We have included these benchmark specific optimizations in the version of our driver we are releasing today on Intel.com so that we can show the full capabilities of our new Arc graphics products. For example, on Time Spy, we see an impact of approximately 15% when benchmark specific optimizations are implemented, depending on the specific Intel Arc graphics SKU. We informed UL that these benchmark optimizations will be enabled in our initial releases and, aligning with UL’s benchmark guidelines, our driver will not be a UL-approved driver for now.

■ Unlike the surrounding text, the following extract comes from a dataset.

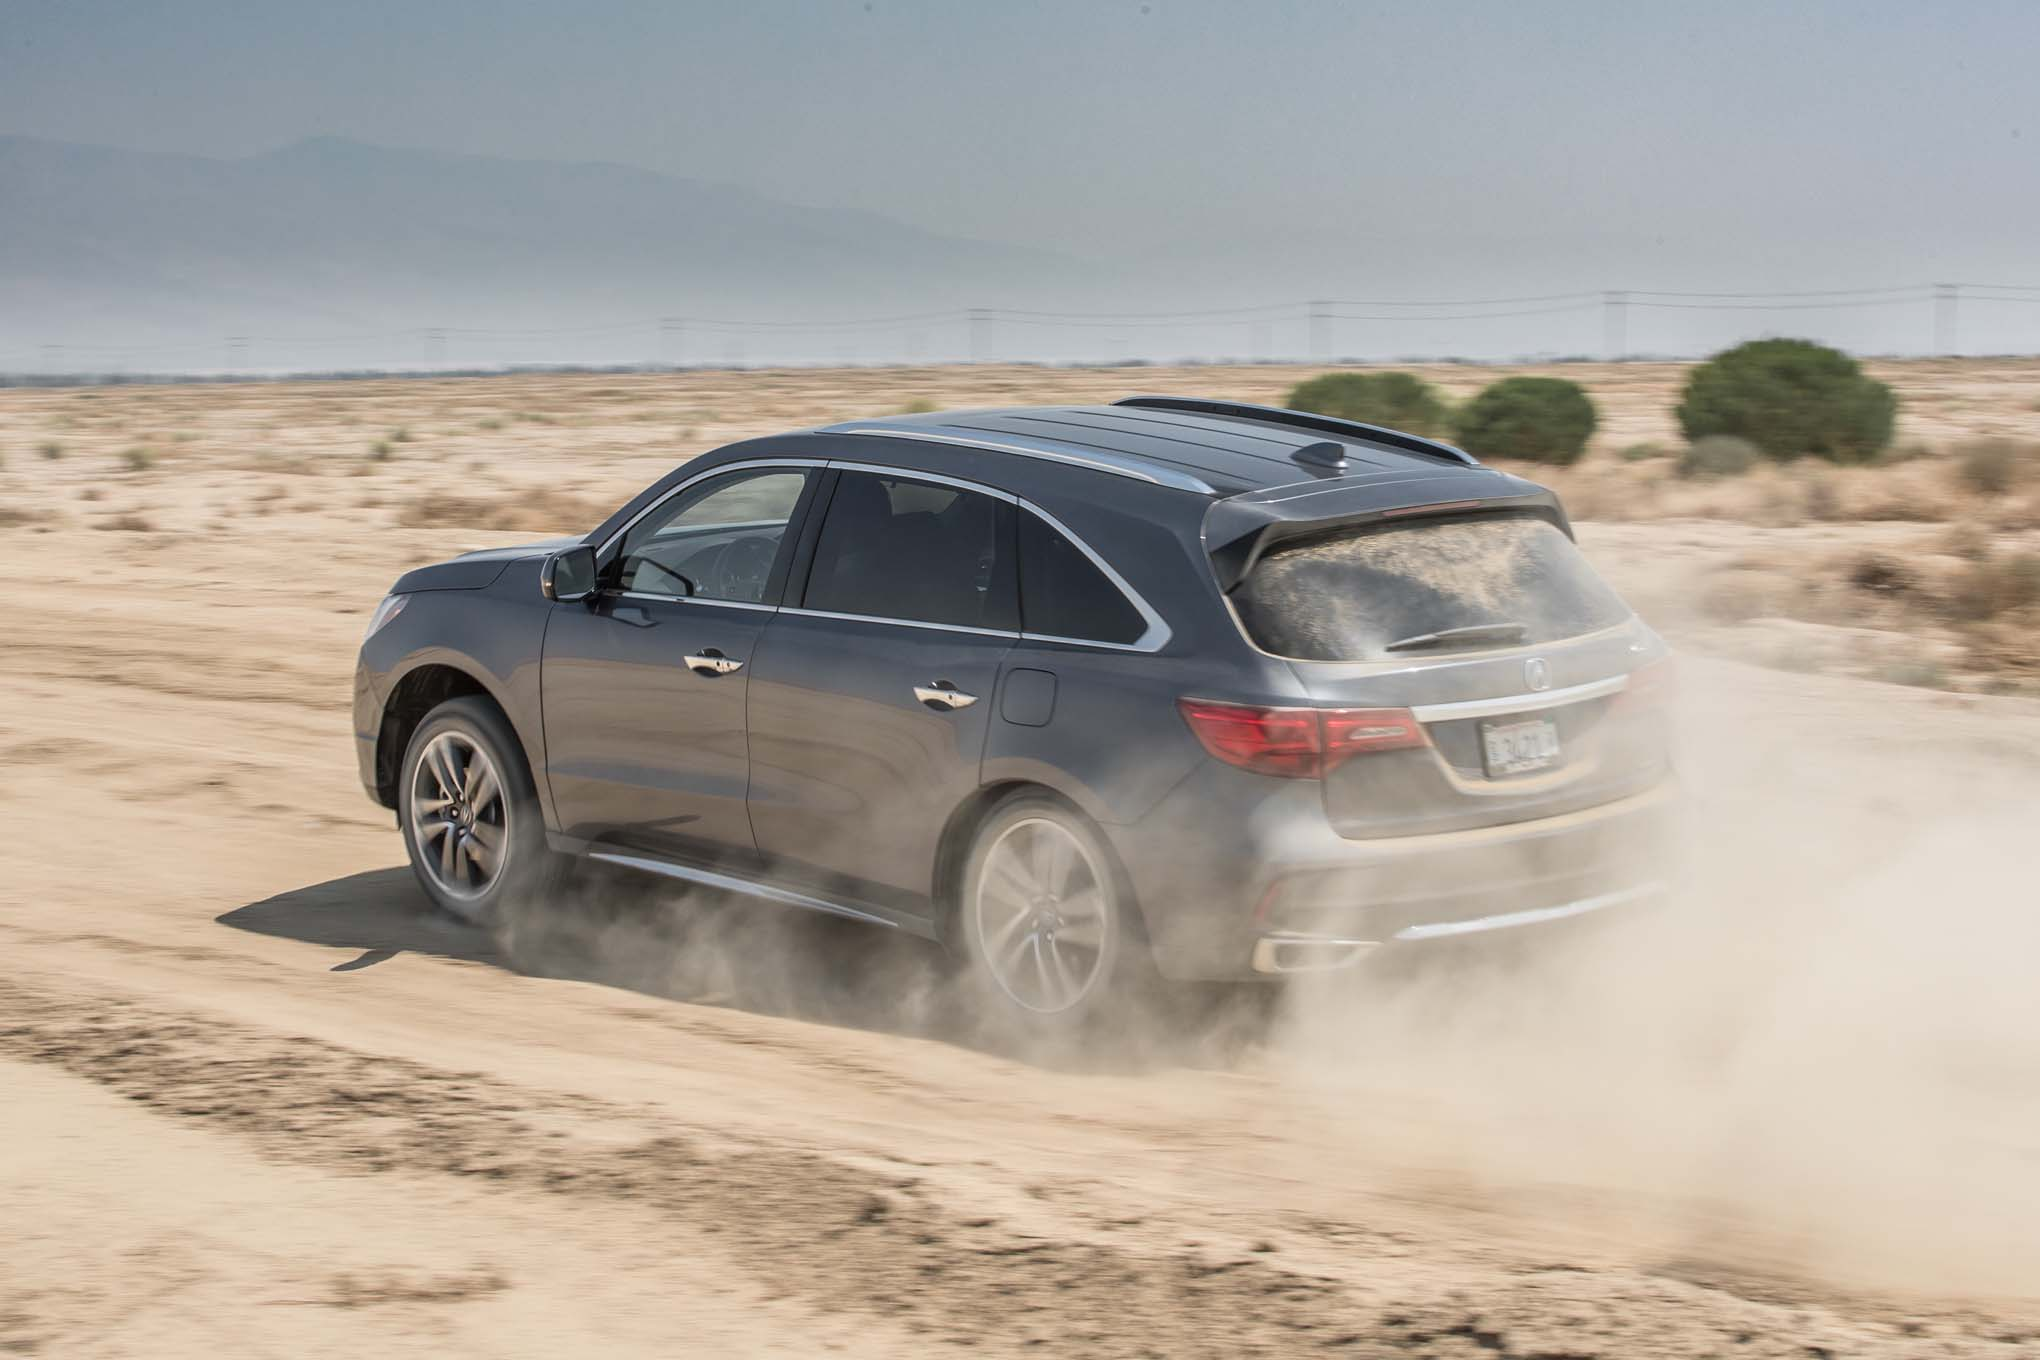 2017 Acura MDX SH AWD rear three quarter in motion

By the end of April, we will add a UI option that allows users to toggle these benchmark specific optimizations on and off. This gives anyone the ability to see the top-level Intel Arc hardware potential of a fully optimized workload, as well as general benchmark performance. When the toggle is in place and the benchmark optimizations are disabled by default, the driver will be eligible for approval by UL.

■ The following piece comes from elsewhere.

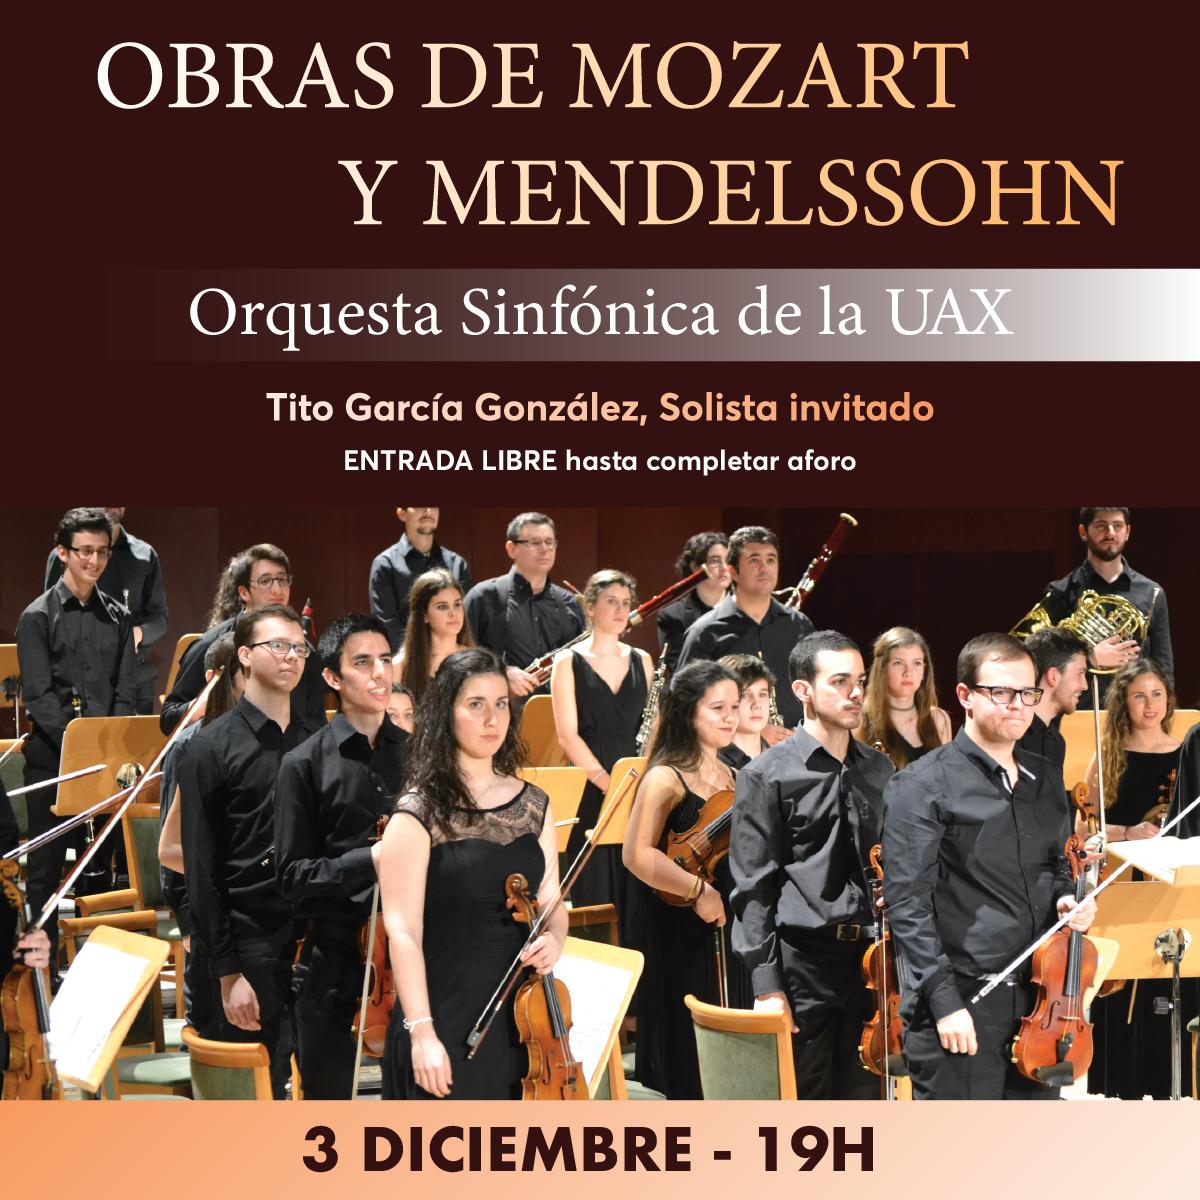 OBRAS DE MOZART Y MENDELSSOHN

We are committed to working with game developers and software ecosystem to bring the best experience to our mutual end users. Today we have 80 out of the top 100 applications fully functional and we are growing that number every week. Within the 80 functional, 14 of these titles are raytracing enabled and fully functional on Intel Arc graphics. Since we are engaging much earlier with game developers, we expect the number of functional issues will go down quickly over time.

I’d also like to note an awesome GitHub site (https://github.com/IGCIT/Intel-GPU-Community-Issue-Tracker-IGCIT) was developed last year that helped us accelerate feedback on top game issues from the community including for existing products. The feedback is always helpful! Special thanks to the IGCIT contributors.

Question #3: Why is AV1 encode as part of the new Xe Media Engine a benefit?

Our new media engine includes built-in hardware acceleration for the broadest set of codecs in the industry including HEVC, H.264/AVC, and VP9. On top of that, Intel Arc graphics is the first in the industry to support hardware accelerated AV1 decoding AND encoding. Direct hardware support for AV1 encoding provides a 50x improvement in encoding speed1 compared to traditional software implementations!

We’ve been working with industry partners to ensure that Intel Arc graphics AV1 support is available in many popular media applications, with broader adoption expected throughout the year. AV1 hardware acceleration is currently supported in the streaming application XSplit and in creator applications including Handbrake, Adobe Premiere Pro and Blackmagic Design’s Davinci Resolve Studio. I am looking forward to seeing what our community can do with the AV1 hardware support that will be available across the entirety of our Intel Arc A-Series family of graphics.

-Lisa

Performance Disclosure:
1. Intel® Arc™ A370M delivers 50x faster encoding with AV1 hardware acceleration compared to Intel® Core™ i7-12800H with Intel® Iris® Xe Graphics using software encode. Processor: Intel® Core™ i7-12800H, Pre Production ADL-H w/Alchemist SoC, BIOS: ADLPFWI1.R00.3091.A00.2202211056, Integrated Graphics: Intel® Iris® Xe Graphics, Integrated Graphics Driver: 30.0.101.1320, Discrete Graphics: Intel® Arc™ A370M Graphics, Discrete Graphics Driver: 30.0.101.1320, Memory: 16GB (2x8GB) DDR5 @ 4800MHz, Storage: INTEL SSDPEKKF512G7 512GB, OS: Windows 11 Version 10.0.22000.556. The AV1 workload measures the time it takes to transcode a 4K/30fps AVC @ 57.9Mbps clip to 4K/30fps AV1 @ 30Mbps High Speed format. The comparison for the 50x claim is using the Alder Lake CPU (software) to transcode the clip on a public FFMPEG build versus Alchemist (hardware) on a proof-of-concept Intel build. As measured Mar 15-16, 2022.

Notices and Disclaimers:
Performance varies by use, configuration and other factors. Learn more at www.Intel.com/PerformanceIndex
Performance results are based on testing as of dates shown in configurations and may not reflect all publicly available updates. See configuration disclosure for details.